The #1 Tip to Making Better Decisions When Stressed

The Science of Making Better Decisions

When you first heard the news you were devastated and now, not only are you dealing with a rollercoaster of emotions, but also you have to make practical decisions in the midst of it all.

There is no two ways about it. Unexpected things in life happen, but by making good choices, we can steer our lives more in the direction of where we want to go (such as healing) after a setback, loss, or tragedy.

Decisions comprise the fabric of our lives. It is through our choices that we can tap into our inner sense of power, thoughtfully crafting our responses to events in our lives and thus fostering an uplifting future.

Of course, sometimes, healthy decision-making is difficult. For instance, you probably don't even need to read the research to know that when you feel stressed out or in the midst of another strong emotion like anger, sadness, fear, or insecurity, you don't usually make great decisions. You say things you don't mean. You don't follow through on things that are important to you...and you are not alone. This happens to all of us. The science backs the fact, when we are stressed out, our I.Q. drops. We make poorer decisions. (1)

A powerful example of this is a musician friend of mine. He worked tirelessly for years to become a professional musician. It was his dream to be signed to a major label. Well, he quit his band on the way to a gig that major record label talent scouts were going to be at! He made this decision out of a strong fear of success. He was "three feet from gold" as they say. Time and time again this self-sabotaging behavior manifests itself in our lives. It can also manifest in smaller ways too, like in our primary relationships.

These studies also show that we make poor decisions when we are too close to the problem. In other words, we can increase our ability to make better decisions by waiting to make decisions until we are in a calmer state of mind. Until we have a bigger perspective on the matter at hand.

Reflection vs. Rumination

Just noticing the difference between when you are reflecting on a problem and ruminating on it can help immensely, as a state of reflection generally promotes better problem solving.

Rumination is the cycle of being caught in the trap of repetitive thinking that compulsively focuses one's attention to the thoughts that cause feelings of sadness, stress, anxiety, etc. For instance, if you are having problems in your marriage, this is the habitual thinking you have about your partner and marriage. It is the times when you can't stop replaying over and over again, all the hurtful things that your partner has said and done over the years.

In contrast to a more neutral, reflective state, rumination involves a very personal perspective. When we are in a mode of reflection, our feeling state is generally open, inquisitive, and introspective. We are open to receiving new ideas and considering new possibilities. We are open to guidance and our intuition. There is a different quality to this kind of thinking. It has a less personal connotation with it. It often, though not always, occurs when we are in a peaceful mode of solitude or in an activity that distracts us.

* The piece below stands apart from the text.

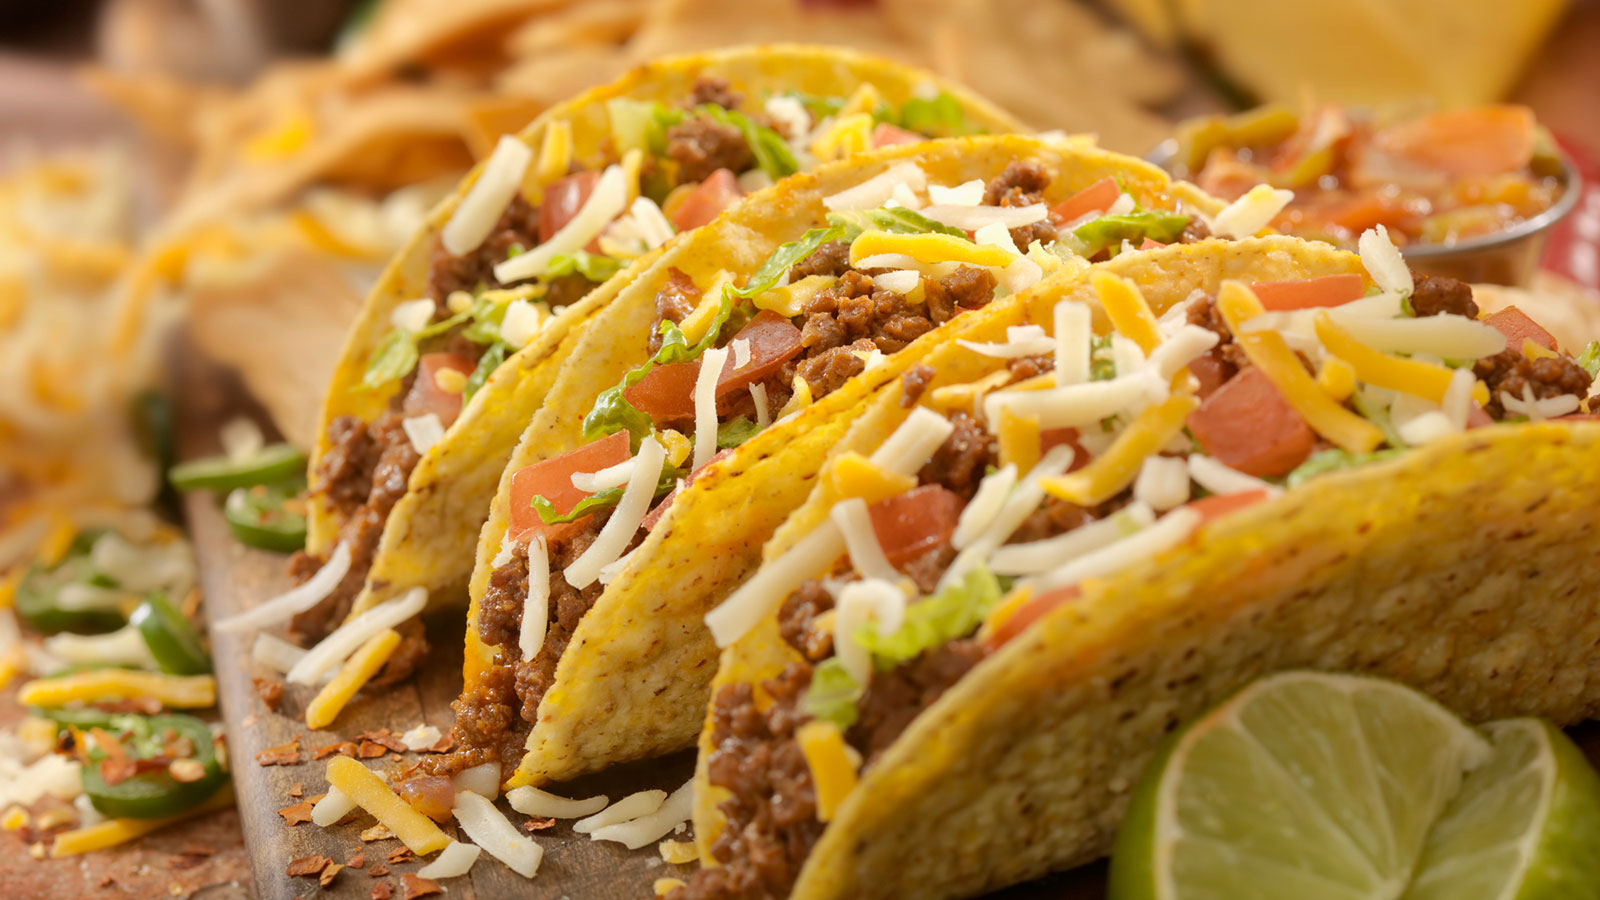 Đặc sản ẩm thực vòng quanh thế giới (P.46) - Tacos (Mexico) : Món ăn đường  phố bắt mắt của người dân xứ Mễ Tây Cơ - HỘI KỶ LỤC GIA VIỆT

Both forms of thinking are completely normal and temporary.

Yet, if having a wider perspective feels harder to achieve these days, you can give yourself a boost with this one tip.



#1 Tip: Implement Third-Person Problem Solving.

Approach the problem and analyze possible solutions from the third-person. Seriously, this may seem weird at first, but this has been proven to promote wiser reasoning and decision making. (2)

Pretend you are a neutral party (like how you would discuss the problems an acquaintance was having). Analyze the problem and brainstorm solutions from this third-person perspective. You can do this exercise either by conducting a written analysis or speaking into a voice recorder. Remember the key here is to use third-person language. You would refer to yourself with your first name. Do not use words like "me, I, my, or our."

Of course, the more you implement this exercise when problem solving, the easier it will be to do and the more you will reap the benefits. You are literally retraining your brain to solve personal problems in a more neutral and wiser way.